Part of this was history: I wasn’t happy with the first version of my talk. That talk felt like I was doing a lot of talking at students, who, by their body language would rather be just about be anyplace than listening to me.

The new version of the class, I added some question-and-response and a few funny visuals (CS job themed superheros: cheezy? absolutely…but I’m happy to be silly in the service of getting students to remember what they need to). And it even worked, sort of. Students seemed more engaged, actually answered my questions correctly, and by the end of things 50% of the seemed to be paying attention. Which is much worse than I usually do, but better than I did. But I still felt overall unhappy.

A student response resonated with me…I was talking about math, and I (somehow) mentioned that CS uses discrete math which is different than what you usually study.

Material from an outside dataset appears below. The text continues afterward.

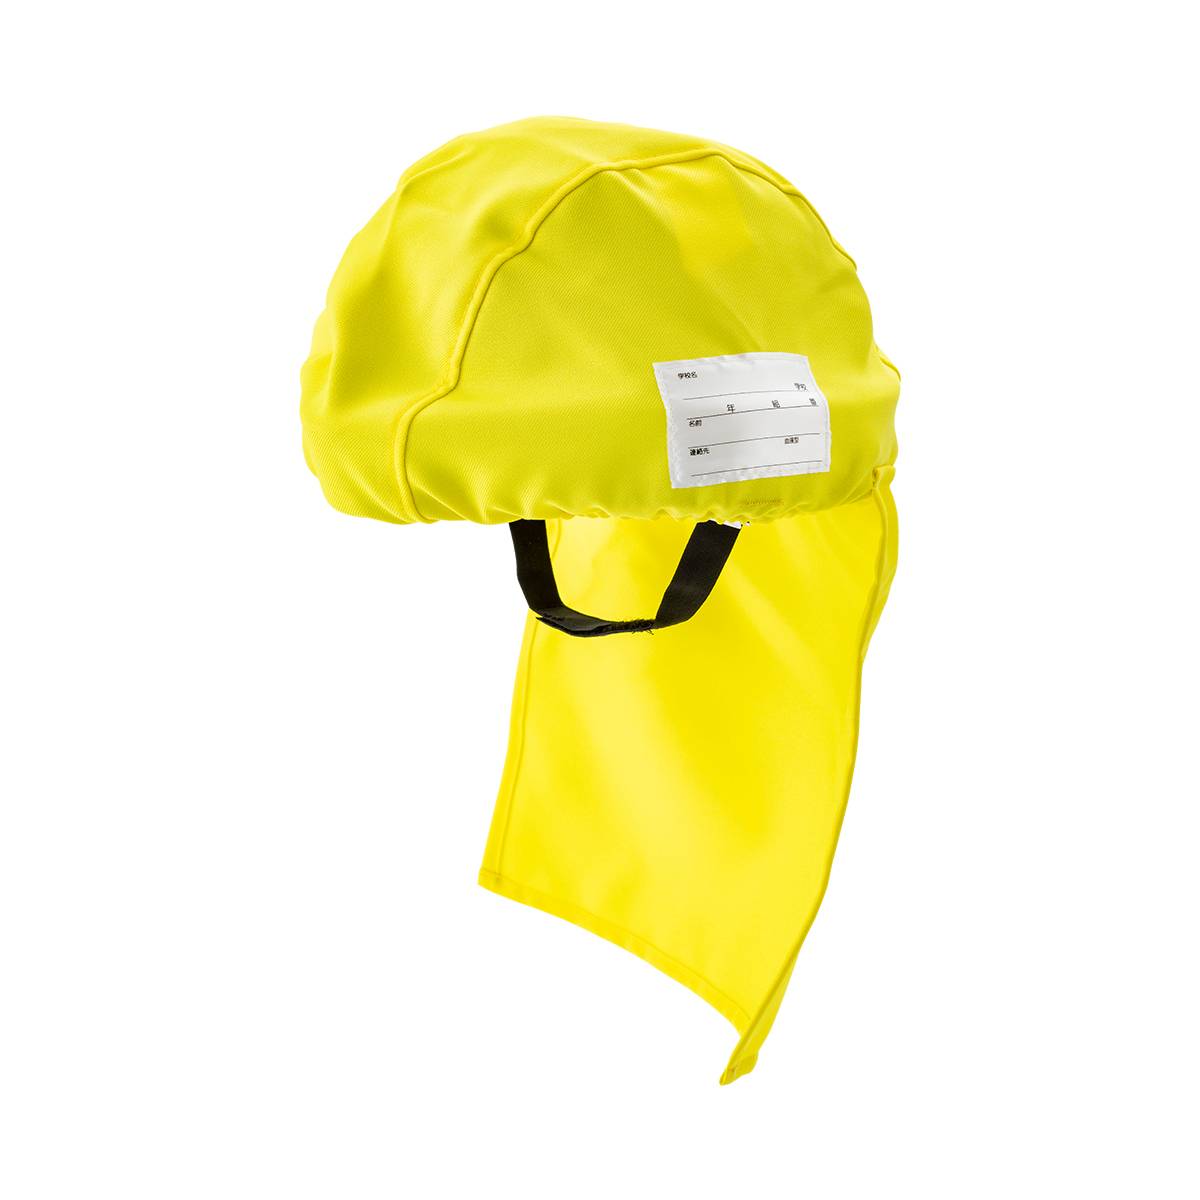 でるキャップ for kids 【イエロー】 タイカ 避難用簡易保護帽

I got a bunch of student comments about that, trying to understand what the difference was (self note: I need a cool way to explain the difference!). That sort of summed up the talk: telling the students that CS was cool without actually showing them cool things about CS. I should have gone through one of Mark’s Media Computation examples, or come up with my own that illustrated and showed them a little programming, or algorithms, or something.

Anyways, live and learn. It was an OK talk and I think if I had to do it again it could actually be a pretty good talk.